NOTE: in future release, could add "activity type", "posting userid" etc

[edit] Posting an Activity

  • creation of an activity post - fast (eg. insert row), possibly asynchronous?? - handle tx error/rollback
  • thread pool?
  • only post in accordance with posting user privacy controls

[edit] Feed Generator

[edit] Feed Job

  • simple task scheduler - job initiator
  • scheduled job - eg. run every X minutes (if not already busy) - should probably be less than 10 minutes, to keep feeds reasonably up-to-date
select max(sequence id), job task node from post group by job task node
for each job task node
  start feed task(job task node, max(sequence id))
end for
  • tuning parameters
    • frequency of job cycle
    • number of posts processed by each task (NOTE: this throttles the processing, but may result in a growing list of posts - bad - need more CPUs in that case)
  • cluster-aware, to avoid contention

[edit] Feed Task

  • simple activity generator
get activities
- select posting userid, site network, app tool, activity type, activity data, post date
- from activity post
- where job task node = [job task id]
- and sequence id < [job max sequence id]
- order by posting userid

for each activity post
  
  get posting user connections for posting user and site network (repository callback)
  get activity type summary templates (repository callback)
  
  add activity site network to the set of user connections (for site activities feed)
  for each user connection
    
    get user connection feed controls
    - select site network, app tool
    - from activity feed control
    - where feed userid = [user connection]
    
    if accepting activity (not in opt-out list)
      for activity type summary template
        render activity summary and create activity feed entry
      end for
    end if
  end for
end for

[edit] Feed Retriever

  • simple feed retriever to get personal activities feed
  • can also be optionally parameterised - eg. by site network, posting userid, activity type ...
  • retrieve user activities feed
select *
from activity feed
where feed userid = [userid]
and posting userid != [userid]
order by post date desc

NOTE: userid can also be a siteid, for a site activites feed (TODO - confirm permitted max len for userid and/or siteid)

[edit] Feed Cleaner

  • simple feed cleaner to clean (transient) activity feed entries
  • scheduled job - eg. run every X hours or at a particular time during the night
  • maximum age depends on business requirements, usage, available storage - eg.
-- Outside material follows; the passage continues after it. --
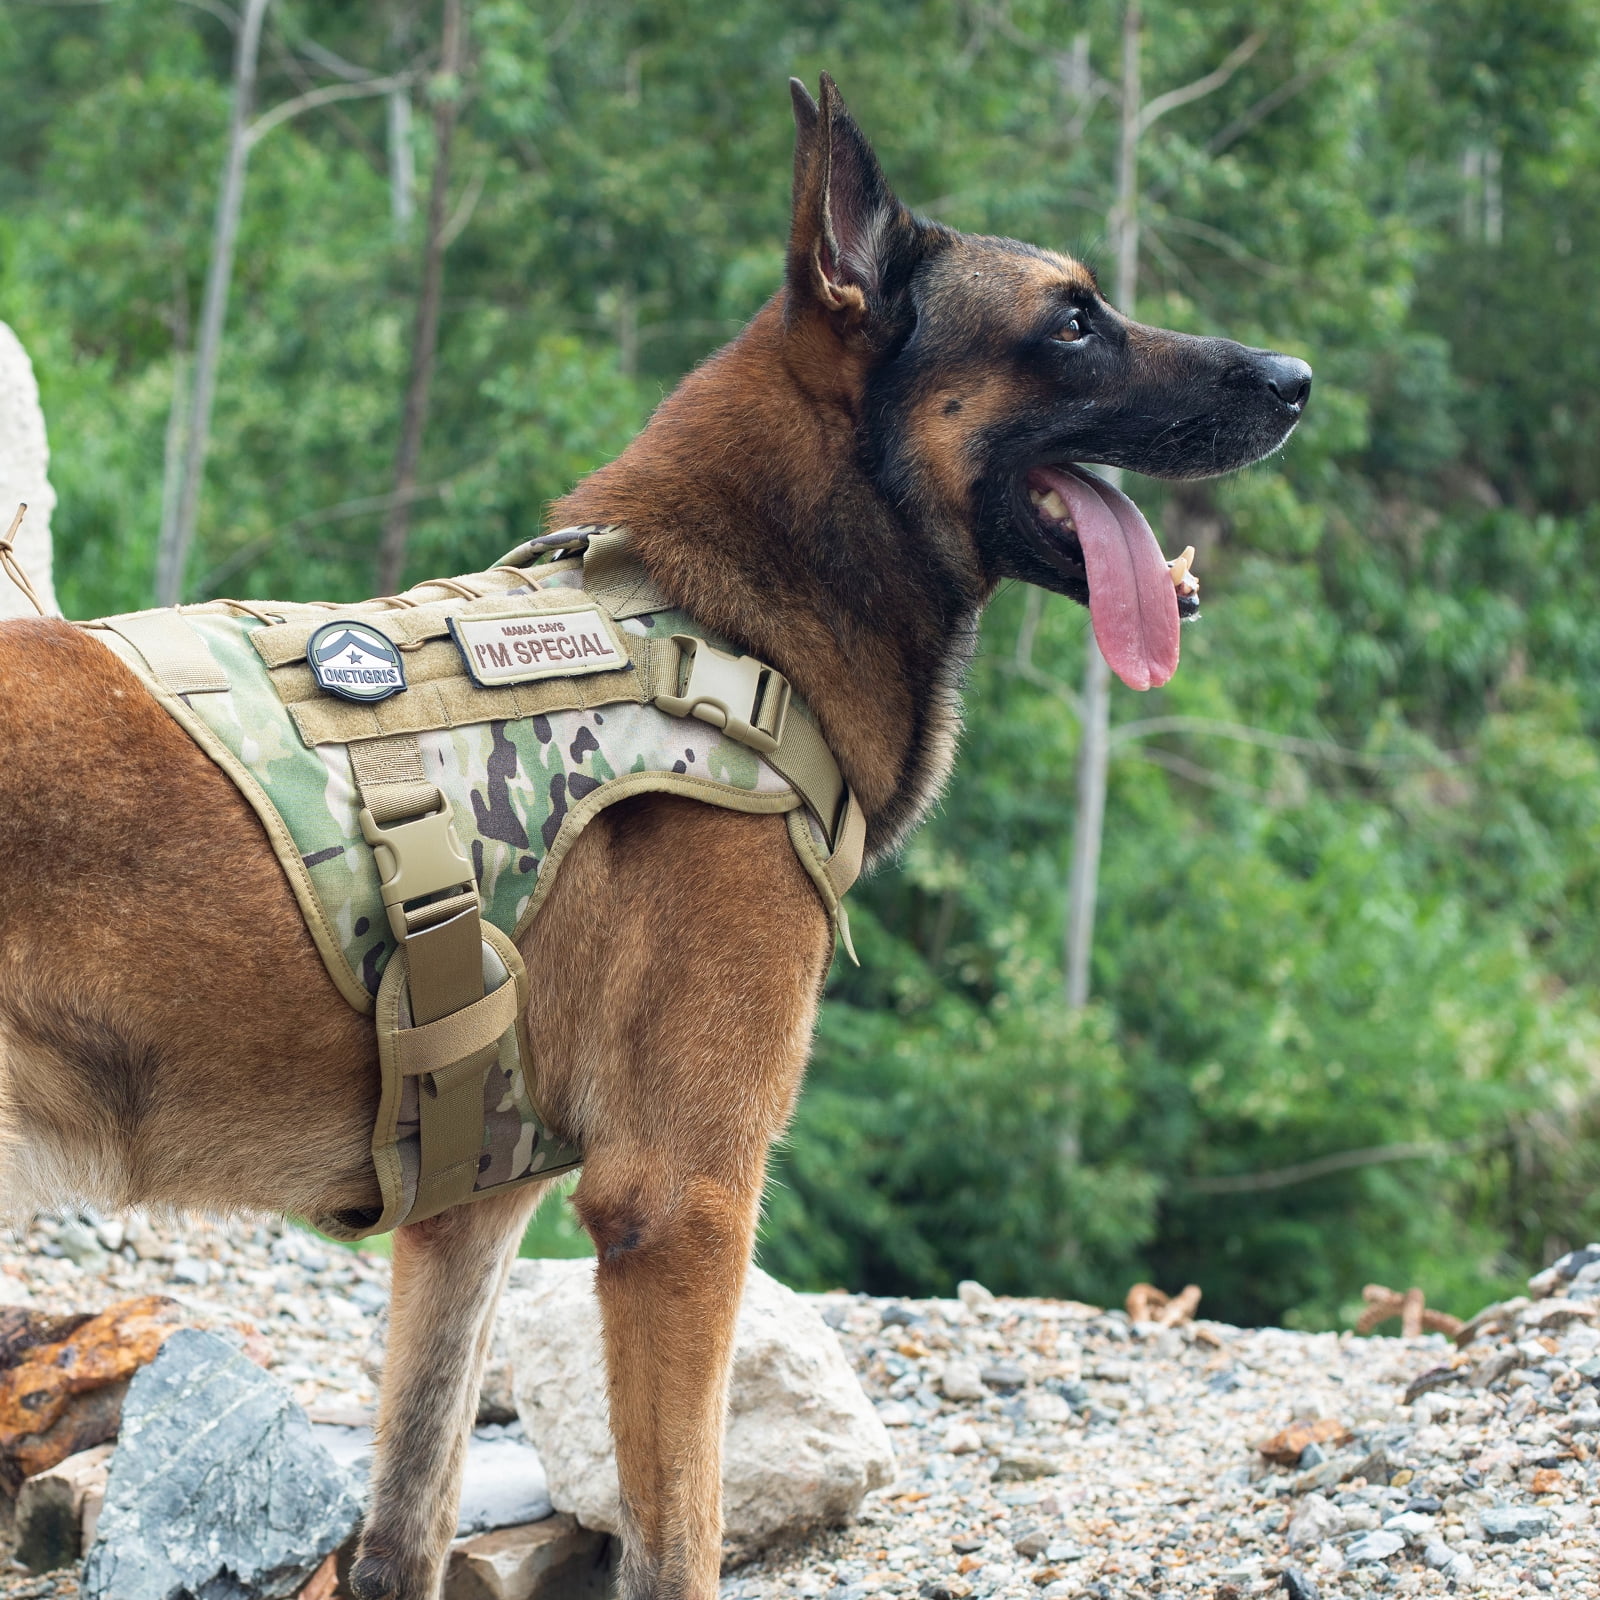 Onetigris No Pull Tactical Dog Harness for Large Dog, Mesh Design Brea –  KOL PET

Y weeks
delete from activity feed
where post date < [keep date]
  • keep date = time now - maximum age

[edit] Post Cleaner

  • simple post cleaner to clean (transient) activity posts that have been processed (ie. feed has been generated)
  • scheduled job - eg. every M hours or at a particular time during the night
  • maximum age depends on debug requirements, usage, available storage - eg. N hours
delete from activity post
where post date < [keep date]
and status = 'PROCESSED'
  • keep date = time now - maximum age

[edit] Post Lookup

  • simple secondary lookup for posts that are pending additional activity data
  • scheduled job - eg. every X minutes (should be less than the Feed Job)
select sequence id, activity data
from activity post
where status = 'PENDING'
for each activity post
  get node ref from pending activity
  get additional activity data for a pending node ref (repository callback)
  update activity post set activity data = [updated activity data], status = 'PROCESSED'
  where post id = [pending post id]
end for

[edit] Alfresco Repository Callbacks

  • repository callbacks are specifically designed for feed task interaction (not public APIs)
  • require heavy caching (otherwise could be bottleneck for parallelized tasks)
  • HTTP API (perhaps with web cache on repository or feed task node)
  • get additional activity data for a pending activity post(node ref)
    • return additional activity data given a unique reference (eg. nodeRef)
  • get posting user connections(userid, network context)
    • returns distinct (direct friends + network members)
  • get activity type summary templates(activity type)
    • returns template text for each registered template

[edit] Activity Type Templates

Activity Type Summary Templates:

  • template engine
    • FreeMarker
    • will be distributed to the grid nodes, if running on a grid
    • can access data model, repository root objects are not available
  • data model
    • activity data converted from JSON to Freemarker Data Model, plus:
    • userId (of posting user, eg. jsmith123)
    • firstName (of posting user, eg. John)
    • lastName (of posting user, eg. Smith)
    • name (name of item/node, eg. my spreadsheet.xls)
    • siteNetwork (site short name. eg. Project X)
    • xmldate(date) (posting date in ISO8601 format, eg. )
    • displayPath (TBC - folder path of node, if applicable, eg.)
    • nodeRef (if applicable, eg. workspace://SpacesStore/303e8e2c-1b81-11dd-8d14-97d3290659e2)
    • activityType (activity type id, eg. org.alfresco.member.joined)
    • repoEndPoint (repository endpoint, eg. http://123.456.8.9:8080/alfresco)
  • template name
    • <base activity type>.<format>.ftl, eg. create.atomentry.ftl
  • stored in data dictionary
    • Company Home -> Data Dictionary -> Activity Templates
    • stored in namespace hierarchy, eg. reserved namespace is org.alfresco which maps to Company Home -> Data Dictionary -> Activity Templates -> org -> alfresco
  • simple fallback mechanism
    • if 'org.alfresco.folder.create' does not exist then will fallback to 'org.alfresco.create', or if this does not exist then 'org.alfresco.generic'

[edit] Implementation Choices

[edit] Audit Trail

Discarded since the amount of re-use is likely to be minimal at this level. Also the detailed requirements/use-cases for fine-grained repository-driven audit events are different to those for coarse-grained application-driven activity events. For example, audit trails are typically required to be more long-lived compared to the more transitory nature of activity feeds.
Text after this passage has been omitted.